Nel negozio di fiori. Ma come faccio a prendere un biglietto senza passaporto e senza soldi? domandò Ginevra preoccupata.

Mi hanno promesso aiuto. Posso avere il tuo numero? Chiamerò la figlia, le dirò che non arriverò al matrimonio, e anche un amico

Subito, Ginevra corse nella sua stanza.

Mamma, che stai facendo? la madre, in quel momento, tirò fuori dalla cassa una collana doro e qualche gioiello.

Silenzio, sibilò la mamma. Se lui non lo so chi sia? Lo porto da zia Marta, e uscì verso il corridoio.

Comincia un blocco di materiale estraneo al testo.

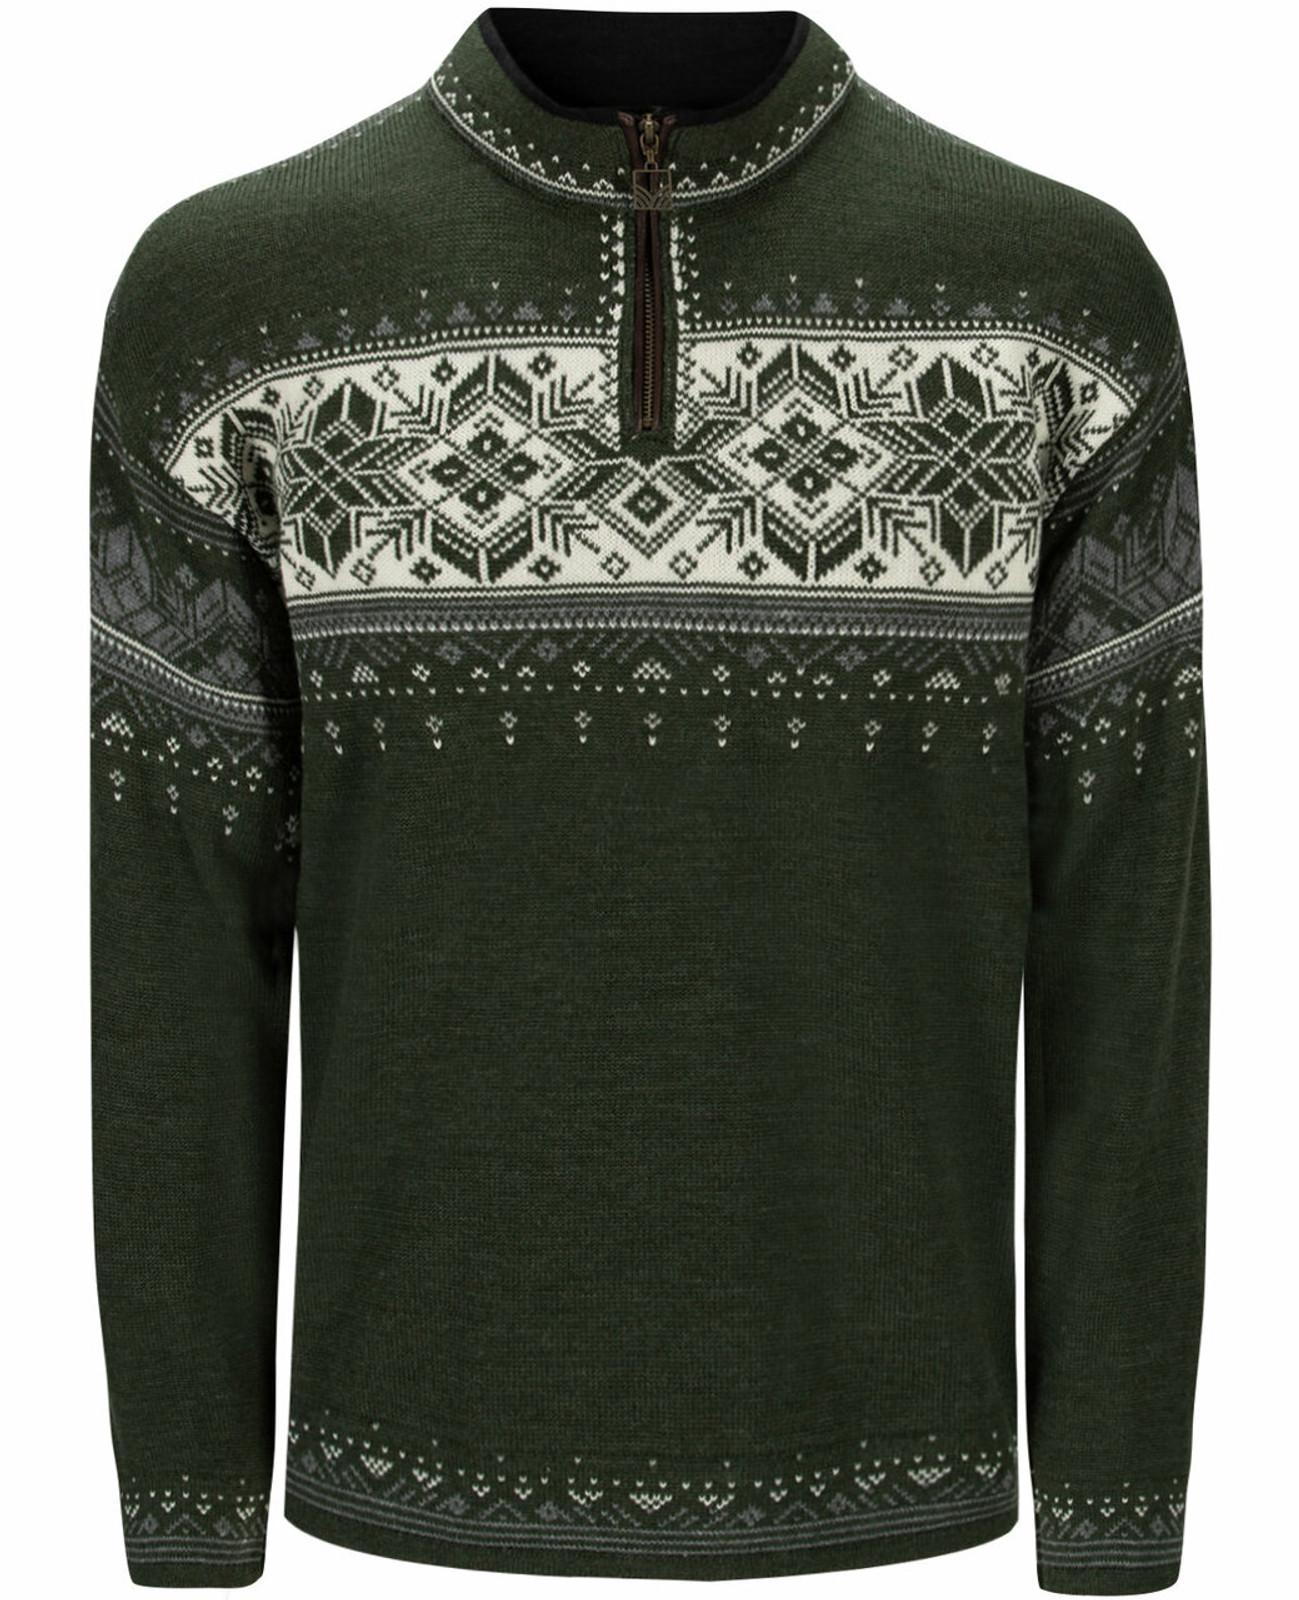 Dale of Norway Blyfjell Unisex Sweater, Dark Green/Smoke/Off White, 95021N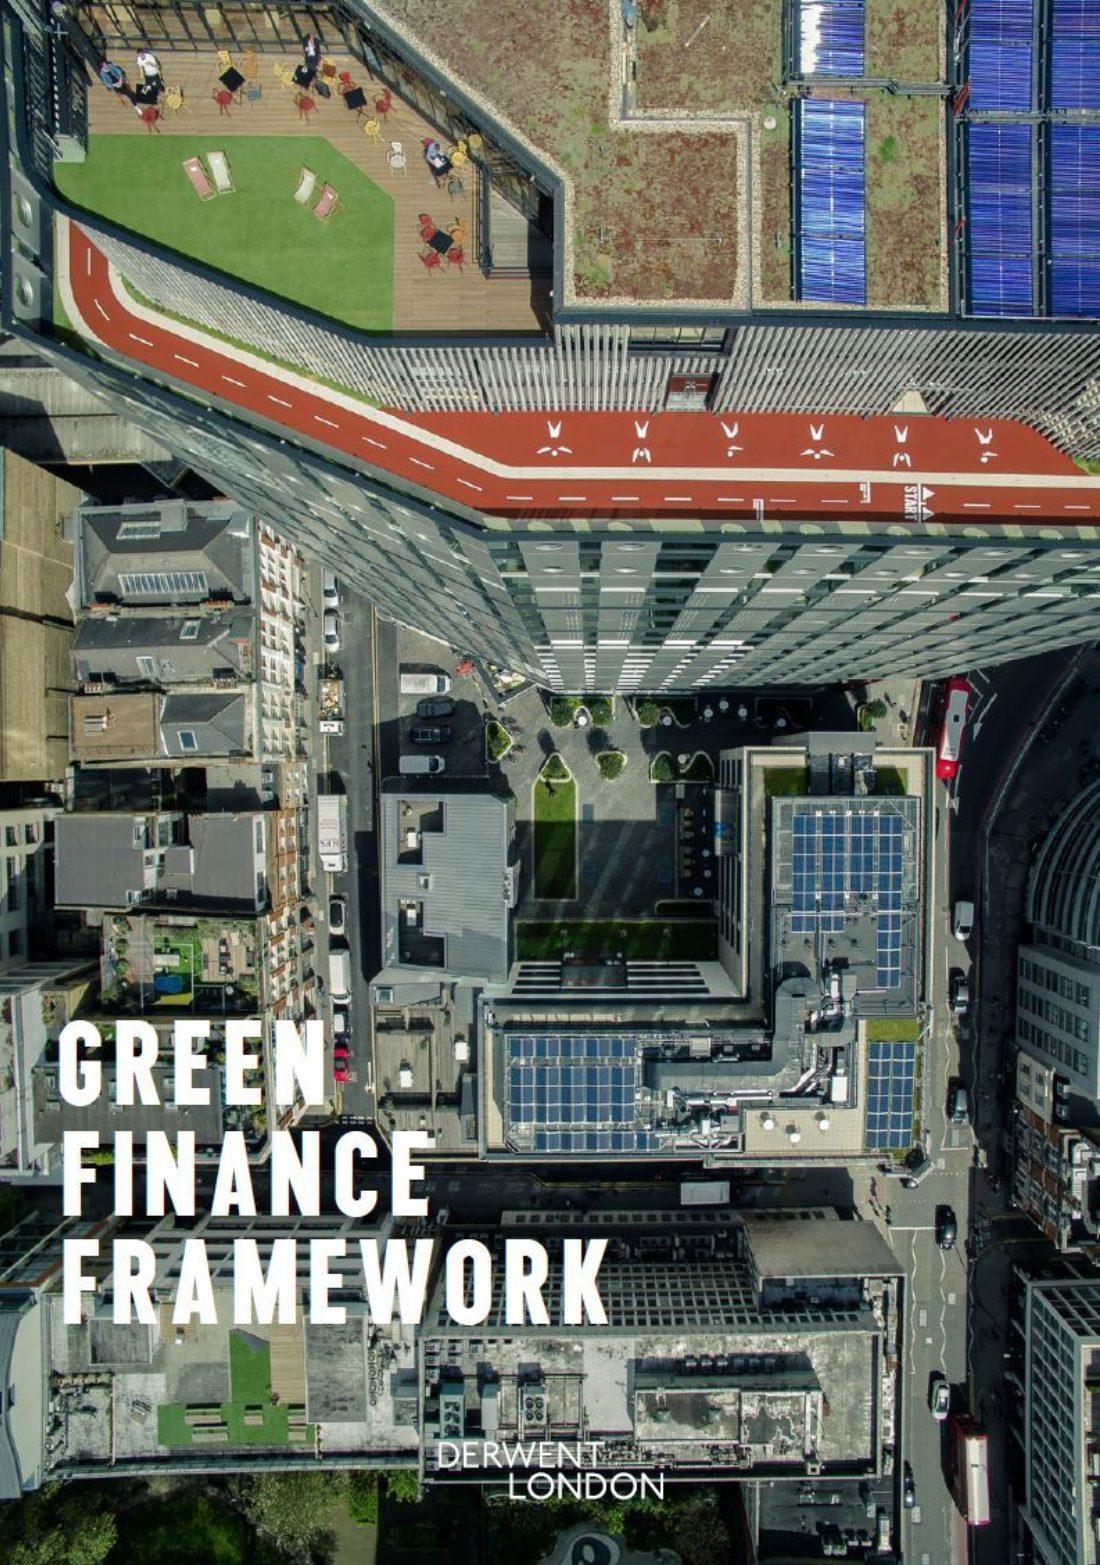 Green Finance image

Ginevra non cercò di fermarla. Non serviva a nulla. Avrebbe fatto a modo suo.

Ginevra pose il telefono sul tavolo davanti a Marco e si avvicinò alla finestra.

Marco chiamò la figlia; dal suo volto Ginevra capì che la ragazza era davvero delusa perché il padre non sarebbe venuto al matrimonio.

Poi chiamò qualcun altro e chiese lindirizzo di casa.

Ecco, presto arriverà il mio autista. Non dovevo proprio venire. La moglie non voleva presentarmi al suo nuovo compagno, così la figlia ha invitato. È stato tutto inutile, lamentò Marco.

E chi sei, se arriverà lautista? chiese sorpresa Ginevra.

Marco cominciava a piacere a Ginevra. Con i vestiti del fratello sembrava a posto, anche se un po magro.

Con lamico gestiamo una piccola ditta di riparazioni di elettrodomestici. Un piccolo business, niente di che. Lamico mi ha convinto a non prendere lauto, diceva Roma non la conosci, al matrimonio non convieni.

E così è partito con il treno. Meglio sarebbe stato in aereo. State tranquilli, aspettatemi ancora un paio dore e poi partirò, si incoraggiava, a sé stesso o a Ginevra.

Ginevra osservava Marco, pensando che la mamma avesse ragione. Se solo tornasse a casa dal lavoro e lo incontrasse, i figli lo aspettassero, la vita avrebbe avuto più senso. Aveva quasi trentanni e viveva ancora con la madre, senza prospettive.

Cera stato, però, Leonardo. Si era innamorata, il matrimonio era in vista, ma un giorno tornò a casa e lui, con la sua amica Persi sia lo sposo sia lamica.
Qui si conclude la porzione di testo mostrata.